The DLSU–Manila campus, which is relatively small in size for its large student population, suffers from limited space. According to The LaSallian, each student had only 7.1 m2 for himself in 2009. Crowding is expected to only get worse. It has also expressed concerns regarding fire safety, citing possible evacuation difficulties should a fire occur at the Br. Andrew Gonzalez Hall, and accessibility issues for fire trucks, given the lack of wide roads to major buildings. At least three fires have occurred in the campus, including two at St. Joseph Hall. To address the problem of limited space, DLSU has resolved to vertical expansion. However, this has resulted in overcrowded elevators.

===Laguna===

The Laguna campus, also known as the Leandro V. Locsin Campus, has been an extension of De La Salle University since 2012 and is located adjacent to Laguna Technopark in Biñan, Laguna, Philippines. The 50 ha campus was built on land donated by the family of the late National Artist for Architecture and De La Salle alumnus Leandro Locsin. It was originally known as De La Salle Canlubang (DLSC), a district school of De La Salle Philippines that provided science-and-technology-based primary, secondary, and tertiary education. In 2012, the administrations of DLSU and DLSC approved the integration of DLSC into DLSU, becoming the De La Salle University – Science & Technology Complex (DLSU–STC), and later renamed as the De La Salle University – Laguna Campus. By 2010, 6000 m2 of the campus had been developed. The Laguna campus offered 18 undergraduate degree programs by 2017, as well as pre-school, primary, and secondary education at the DLSU Integrated School (DLSU IS). Its college division is called the School of Innovation and Sustainability.

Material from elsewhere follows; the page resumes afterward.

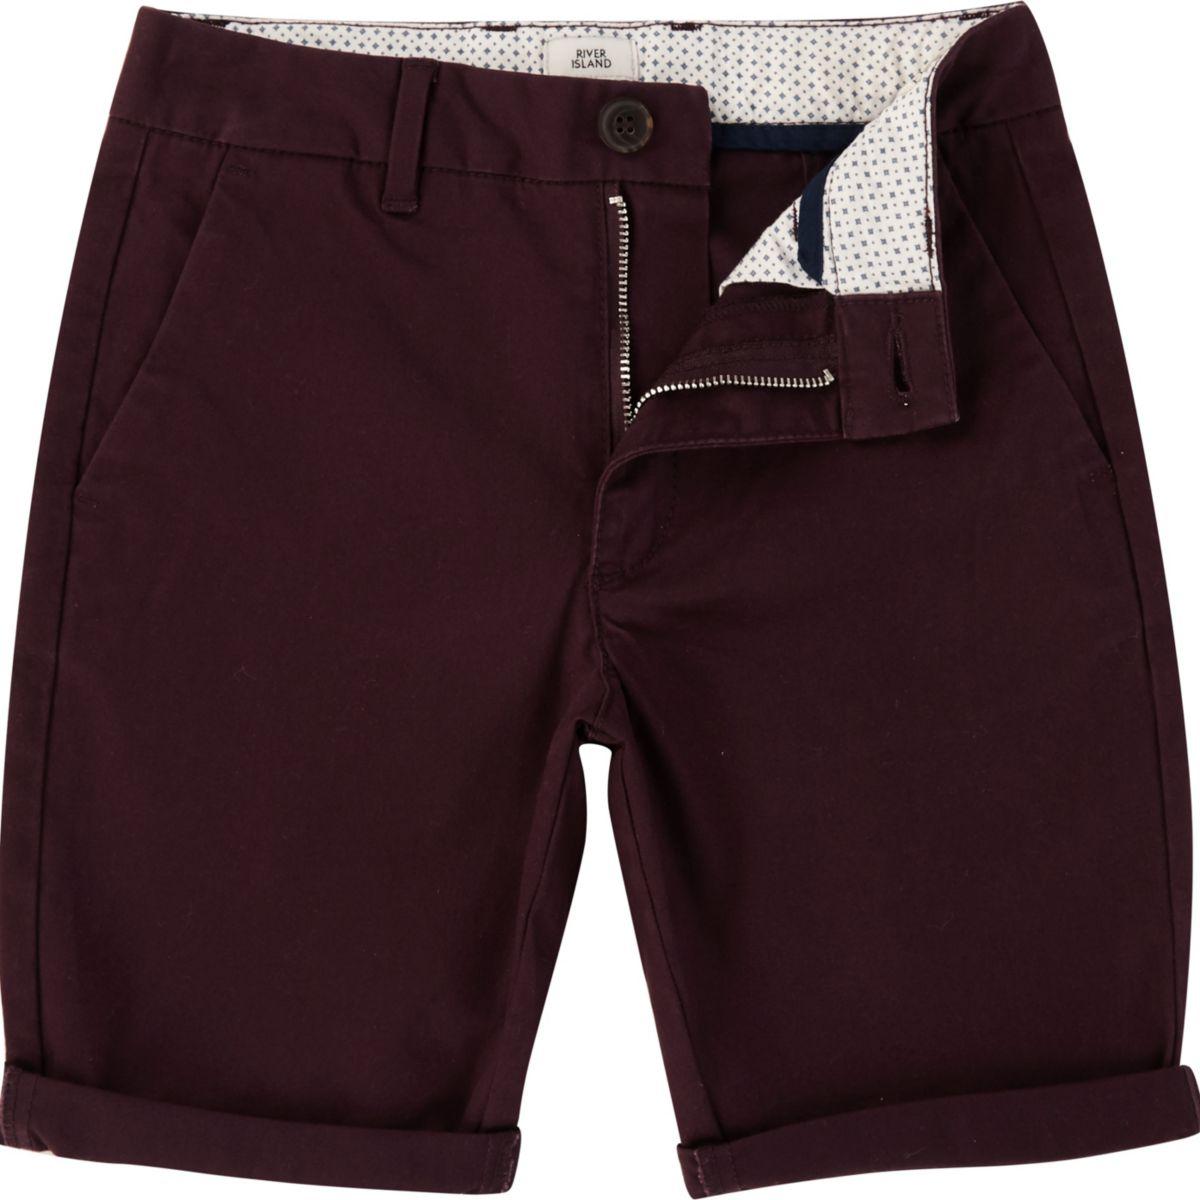 Boys purple chino shorts

In 2016, DLSU signed an agreement with Ubisoft to open a new studio in the Philippines and to offer two new undergraduate courses in game development, as well as entertainment and multimedia computing. The Laguna campus was selected as the site of the studio. The studio opened two years later in 2018, and is the first AAA game studio in the country. However, Ubisoft Philippines transferred its office to Bonifacio Global City in 2024 to address staffing challenges caused by its remote location.

In 2025, the campus was designated as a Knowledge, Innovation, Science, and Technology (KIST) Ecozone.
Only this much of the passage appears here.